Choosing the most effective performance management can be daunting but rewarding. A manager’s job is not just to administer disciplinary action to an underperforming employee, but also to devise ways to recognize an employee that has made significant achievements and contributions to the team. When choosing an effective performance management system, the prudent manager will want to make sure the system adheres to the notion of setting specific, measurable, attainable, realistic, and timely (S.M.A.R.T) goals.
When goals incorporate these five tangible elements, they become concrete and objective. They enable the employee to know what he or she needs to do to meet or exceed standards. This is a critical and sometimes overlooked aspect of an effective manager’s job. To be effective, managers must try to avoid any sluggish reliance on subjective assessment from their managerial arsenal and replace it by setting objective, easy-to-see criteria. When year-end reviews come around, it is then easy to point out whether an employee has met, fallen short of, or exceeded his or her goals.

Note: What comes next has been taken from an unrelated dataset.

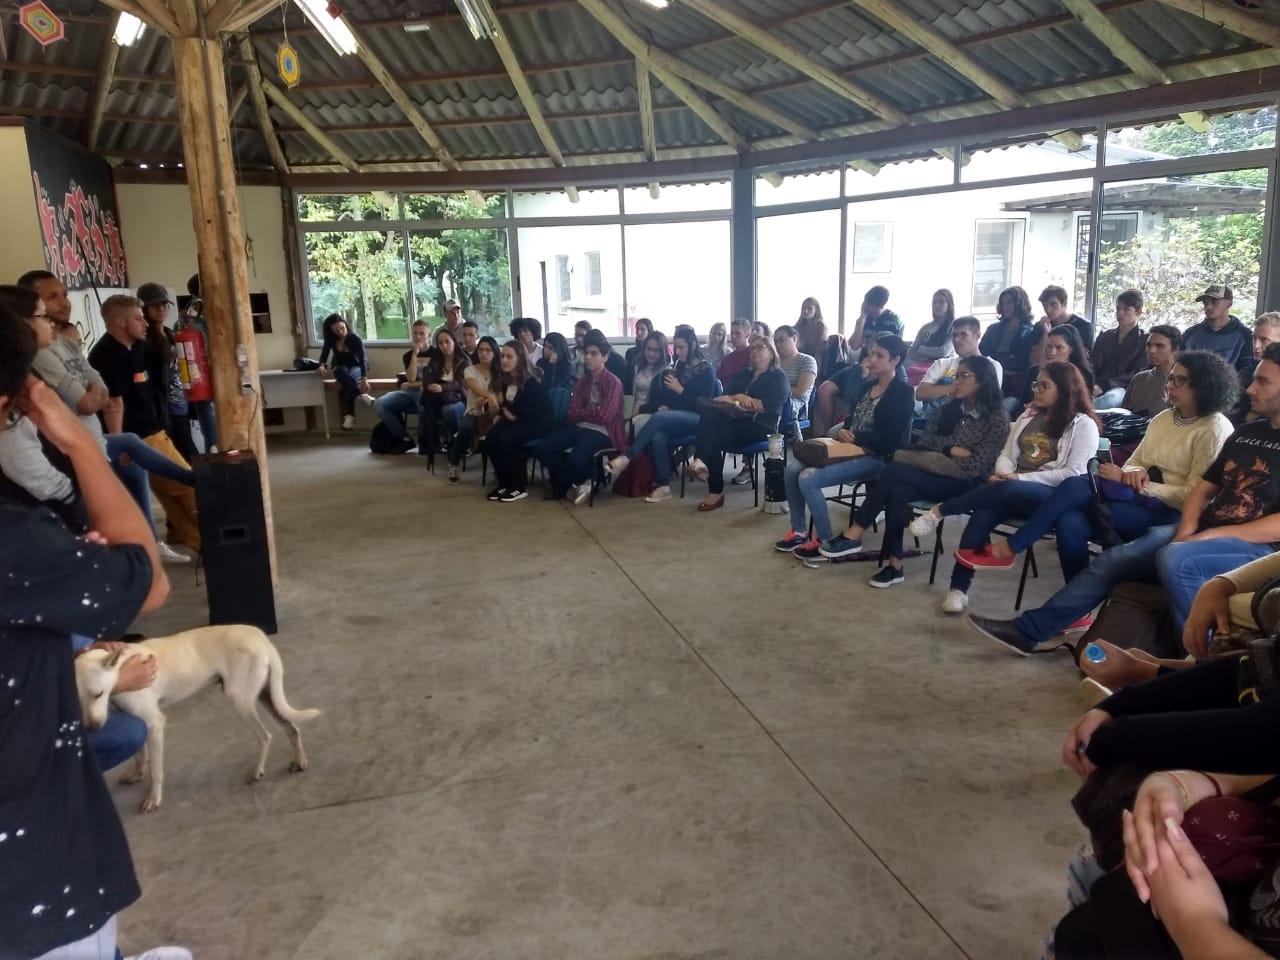 Foto colorida horizontal mostra alunos sentados e em pé, em semicírculo, e à frente alguns alunos em pé falando. A foto também mostra um cachorro sendo acariciado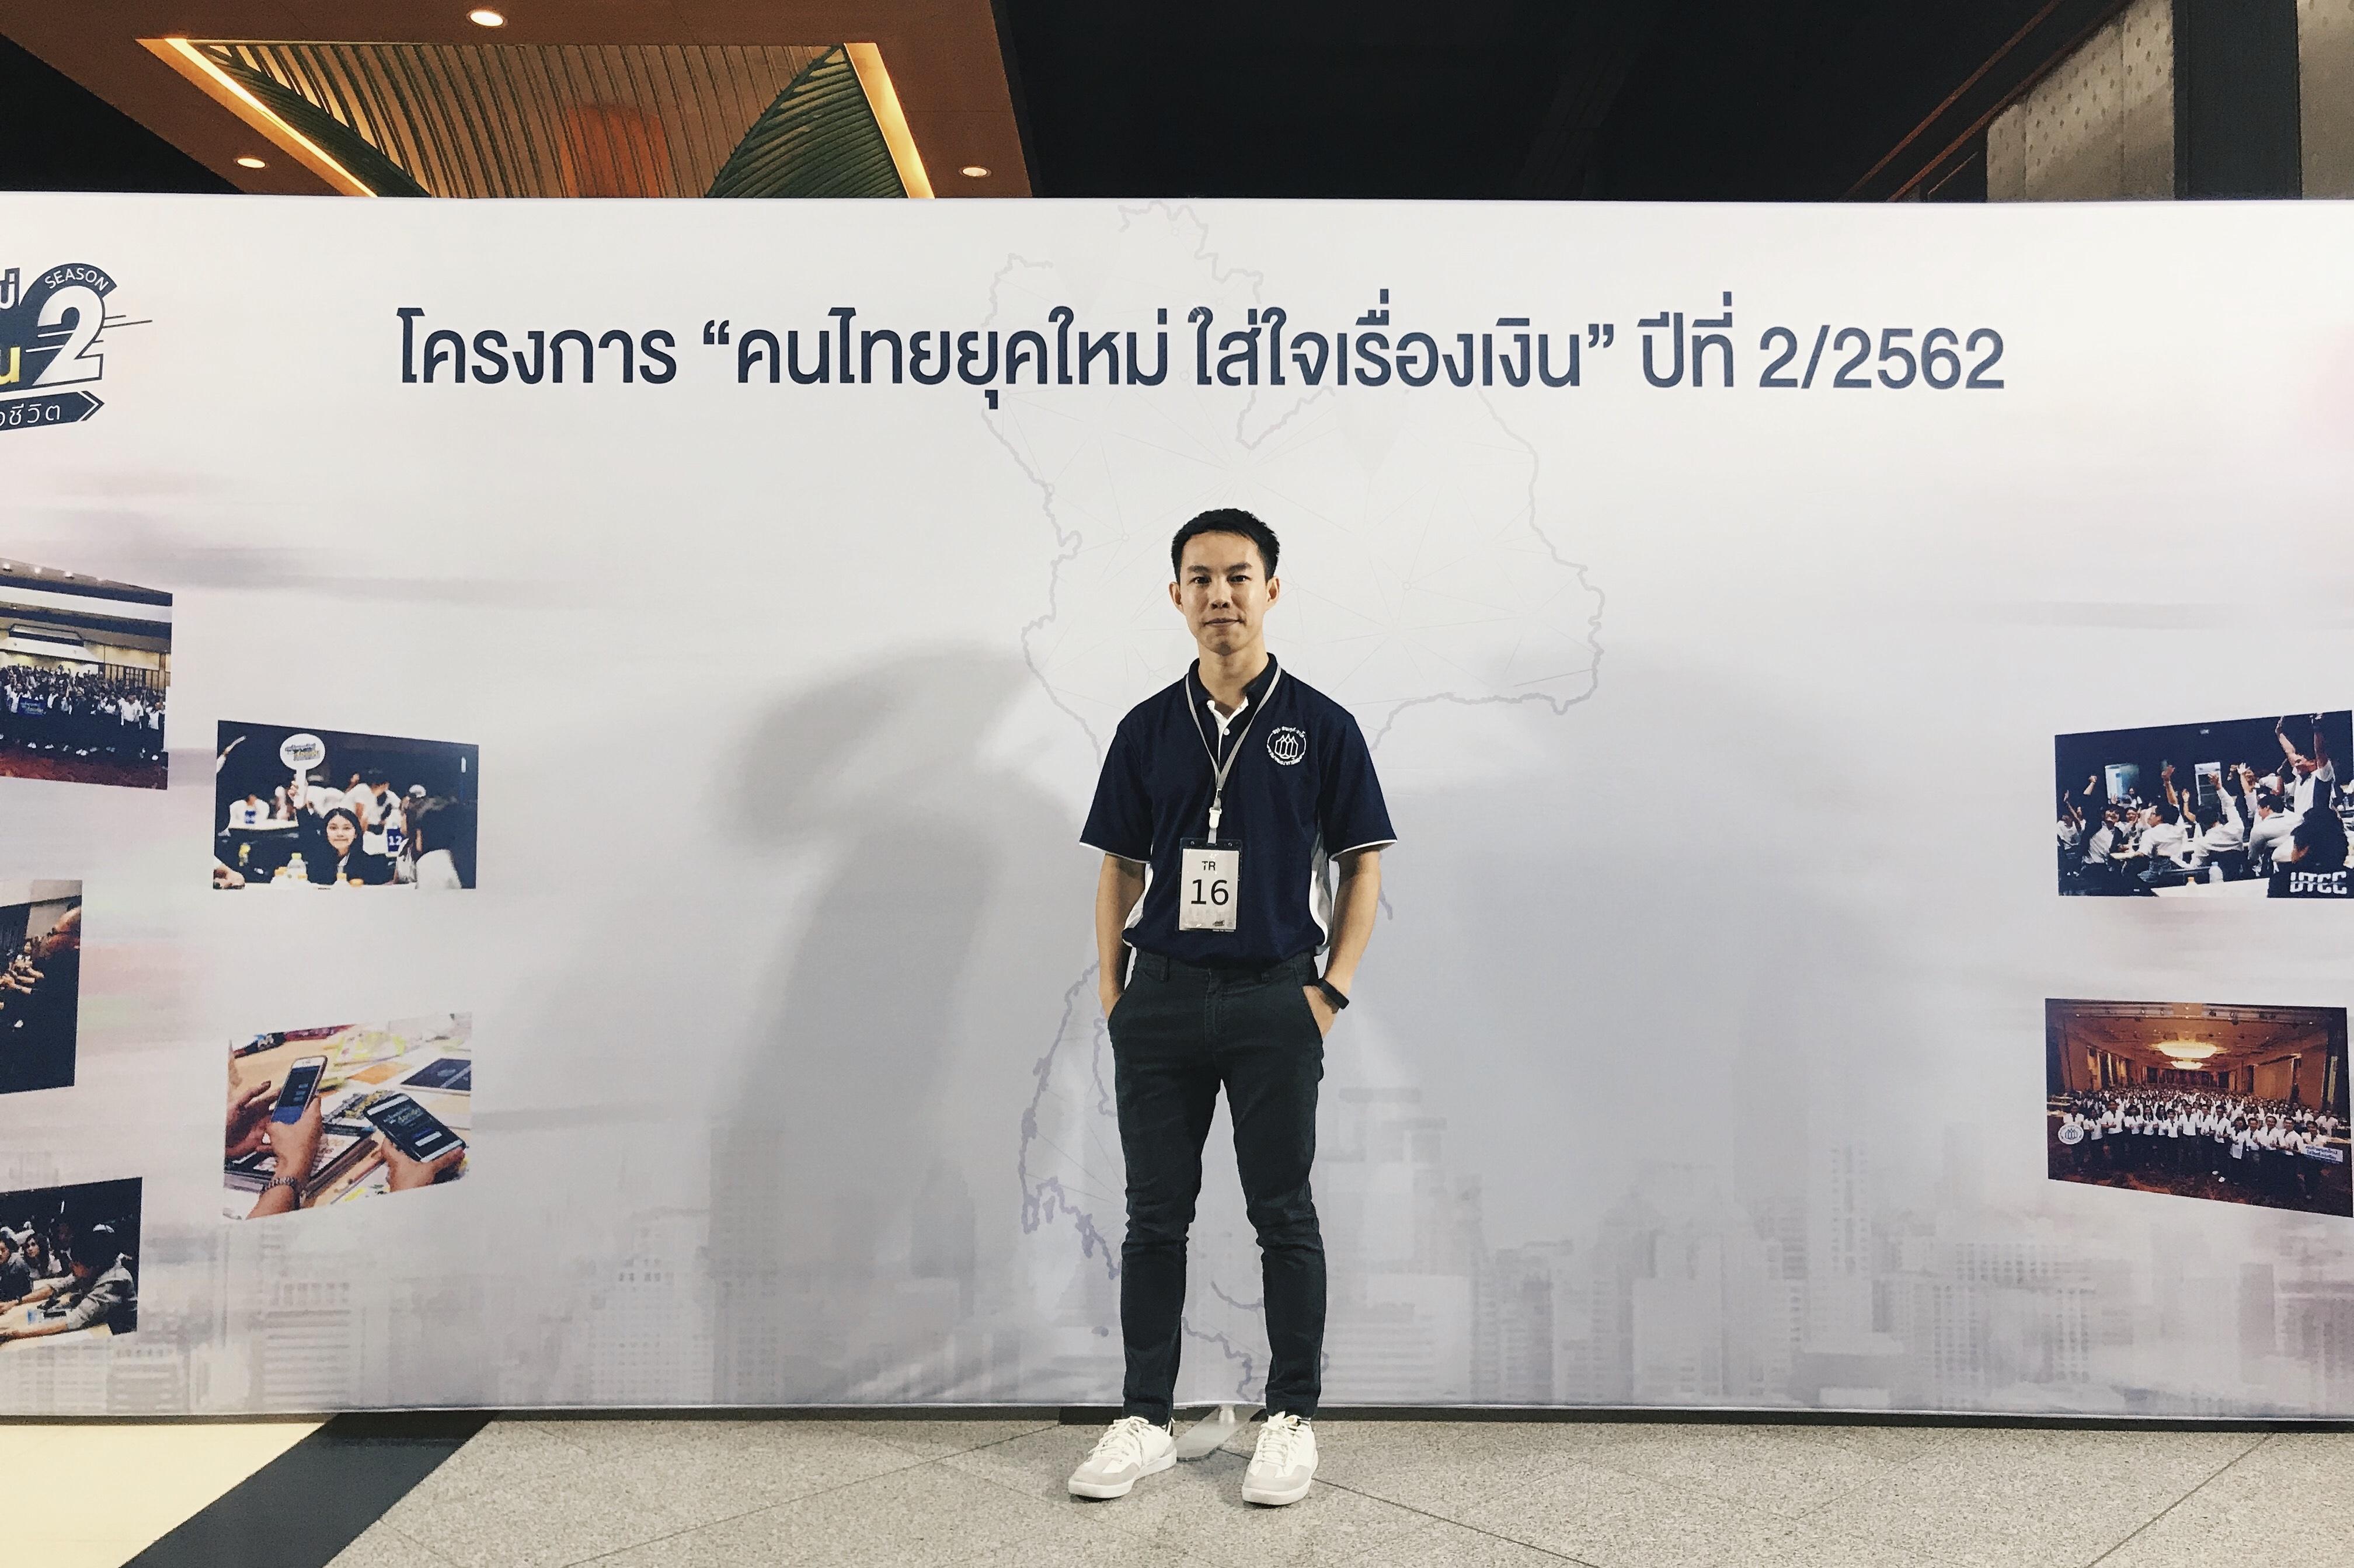 """อบรมโครงการ """"คนไทยยุคใหม่ ใส่ใจเรื่องเงิน"""" ปี 2"""

It can be helpful to look at the S.M.A.R.T goals in an example of effective performance management. Say that you are managing a call center and want to measure the quality of your employees' calls. You could devise a system in which you note, among other things, that you will listen to a certain number of calls per week, that each call taken by the employee must conform to a certain flow and structure, that the tone of voice will be monitored as well as the thoroughness of the responses and research. By rating each of these components, or simply checking off whether they were done or not, the manager has employed a smart — and S.M.A.R.T — management system because it has replaced subjective consideration with objective observation.
On top of that, there are more obvious standards to apply, such as the employee’s amount of phone time and whether they were logged into the system during their allotted time. This way, a manager can easily and systematically evaluate the performance of his or her employees. When it comes time to identify the poor performers and reward the top achievers, the manager is able to produce evidence to support his or her evaluation.
By contrast, a performance management system that lacks S.M.A.R.T goals can endanger the manager’s credibility, call to question his or her ability to evaluate frankly and objectively, and perhaps result in serious human resources or legal repercussions. If a manager allows the goals and expectations of their employees to fluctuate or vary, the employee has the right to challenge any negative assessment rendered against them. Accordingly, any effective performance management will invariably include goals that are S.M.A.R.T.